Over the last few decades, China, Japan and South Korea have spent billions to connect their superstar cities with other cities through a High Speed Rail (HSR) network. HSR represents a cross-city transit technology that is faster than a car but slower than a plane. I have argued that its comparative advantage is at a “sweet spot” distance of roughly 100 miles to 400 miles. Such a trip length is too far for a car but too short for a plane ride (given the hassle of going to the airport and navigating through the airport on both ends of the trip). With HSR in Asia, you go to a center city location to get on the train and you get dropped off in the destination city’s center.
When HSR connects cities, what new trades now occur that wouldn’t have occurred if the connection had not been built?
In 2013, I published a PNAS paper documenting that home prices rise in China’s 2nd tier cities after HSR connects such cities to Beijing and Shanghai. We argue that such cities effectively become suburbs for the superstar cities and represent a safety valve if the superstar cities “overheat” in terms of housing prices. In our new Work from Home (zoom) economy, the ability to visit the superstar city 1 day a week becomes even more valuable and more talent —- especially people who need more housing space will be attracted to decentralize to cities such as Tianjin in China.
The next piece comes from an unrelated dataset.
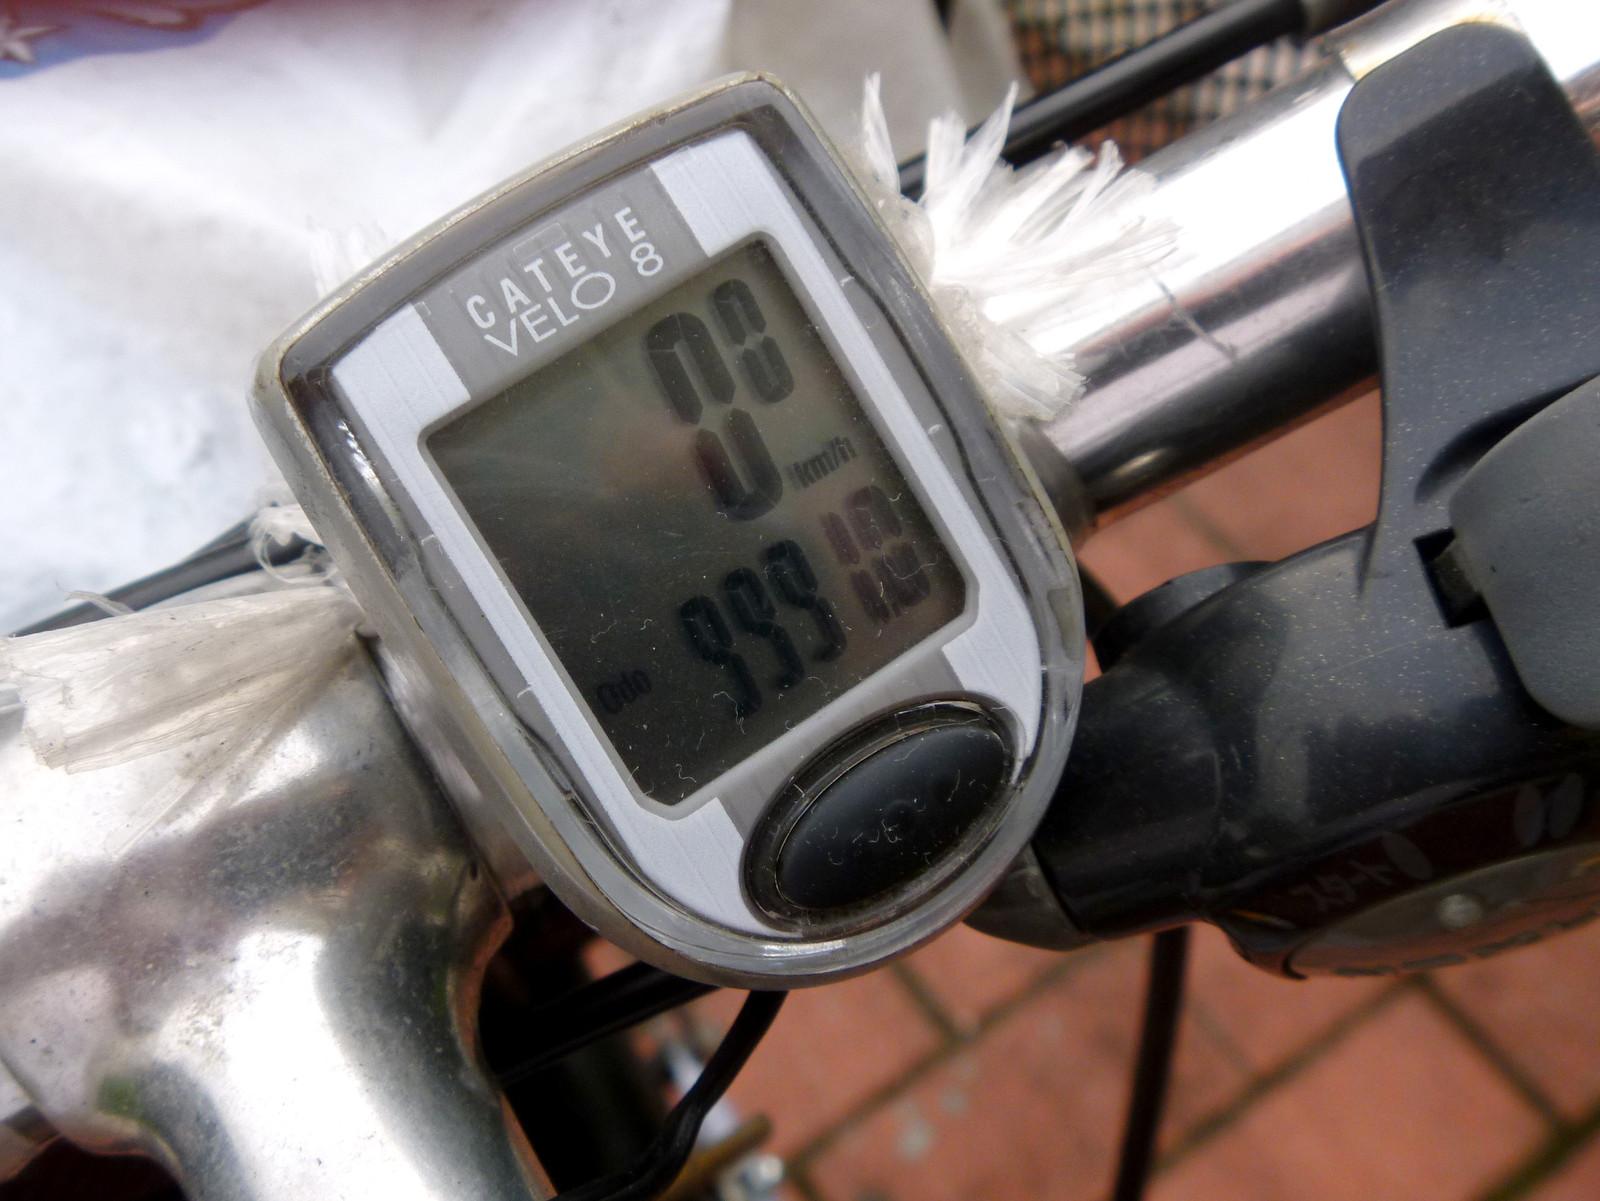 Cyclecomputer6

In 2020, I published a Journal of Urban Economics paper documenting that in China that pairs of scientists located in different cities that are now connected by HSR are more likely to write more papers together. Younger scientists are more likely to move to the 2nd tier cities that are HSR connected to the superstar cities. So note that the fast transport technology across cities facilitates face to face interactions in the superstar city. In a sense, the HRS connects local labor markets and expands the local human capital agglomeration that Glaeser often discusses.
New research is investigating the consequences of HSR in other nations. Eunjee Kwon of USC Economics is exploring the impact of high speed rail in Korea and its possible role in shrinking the gender gap in earnings. Seoul is the nation’s major city and land prices are very high there. HSR connects 2nd tier cities to Seoul. As people decentralize and move to 2nd tier cities (due to the train keeping them connected to Seoul), the demand for industries where women tend to work in increases (so this is the “Female Bartik” demand shifter) and the supply of available child care increases. Such supply and demand forces both encourage more women to work. Eunjee studies the differential impact of the opening of HSR stations on women’s and men’s labor force participation. This is exciting research examining the consequences of HSR on quality of life.
These types of applied micro papers do not answer the welfare economics question of whether HSR is a “good investment”. That’s a hard question! These applied micro papers ask a more modest question; for various outcomes that we care about —- how are they affected by a change in transport technology? These form the ingredients for doing a full blown cost benefit analysis.